ESPN went on air in 1978. In those 30+ years think of the wonders we’ve seen! When I think of ESPN I think of a world wide brand that is the very definition of prime time. And it shows in their stats. ESPN.com peaks at 100,000 requests per second. Their peak event is, not surprisingly, the World Cup. But would you be surprised to learn ESPN is powered by only a few hundred servers and a couple of dozen engineers? I was.
And would you be surprised to learn ESPN is undergoing a fundamental transition from an Enterprise architecture to one capable of handling web scale loads driven by increasing mobile usage, personalization, and a service orientation? Again, thinking ESPN was just about watching sports on TV, I was surprised. ESPN is becoming much more than that. ESPN is becoming a sports platform.
How does ESPN handle all of this complexity, responsibility, change, and load? Unlike most every other profile on HighScalability. The fascinating story of ESPN’s architecture is told by Manny Pelarinos, Senior Director, Engineering at ESPN in the InfoQ presentation Architecture at Scale at ESPN. Information from Max Protect: Scalability and Caching at ESPN.com has also been folded in.

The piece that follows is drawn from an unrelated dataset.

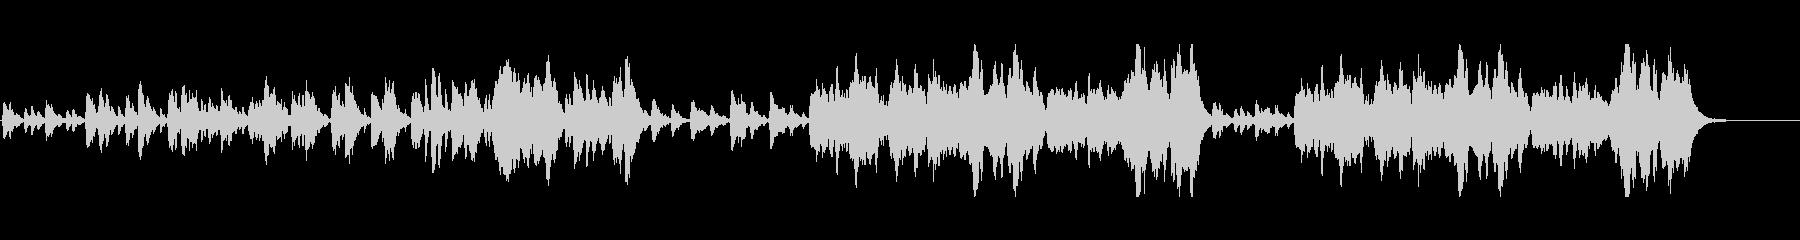 バレエ/ワルツ/明るい/春/1分30秒の未再生の波形

Starting in a pre-personal computer era ESPN developed an innovative cable and satellite TV sports empire. From an initial 30 minute program reviewing the day’s sports, they went on to make deals with the NBA, USFL, NHL, and what would become the big fish of all sports in the US, the National Football League.
Sport by sport deals were made to bring sports data in from all possible sources so ESPN could report scores, play film clips, and generally become one stop shopping for all things sports on TV and later the web.
It’s a complex system to understand. They have a lot going on with Television & Broadcasting, live scoring, editing and publishing, Digital Media, giving sports scores, web and mobile, personalization, fantasy games, and they also want to expand API access to 3rd party developers. Unlike most every profile on HighScalability ESPN has an enterprise heritage. It’s a Java Enterprise stack, so you’ll see Oracle databases, JMS brokers, Java Beans, and Hibernate.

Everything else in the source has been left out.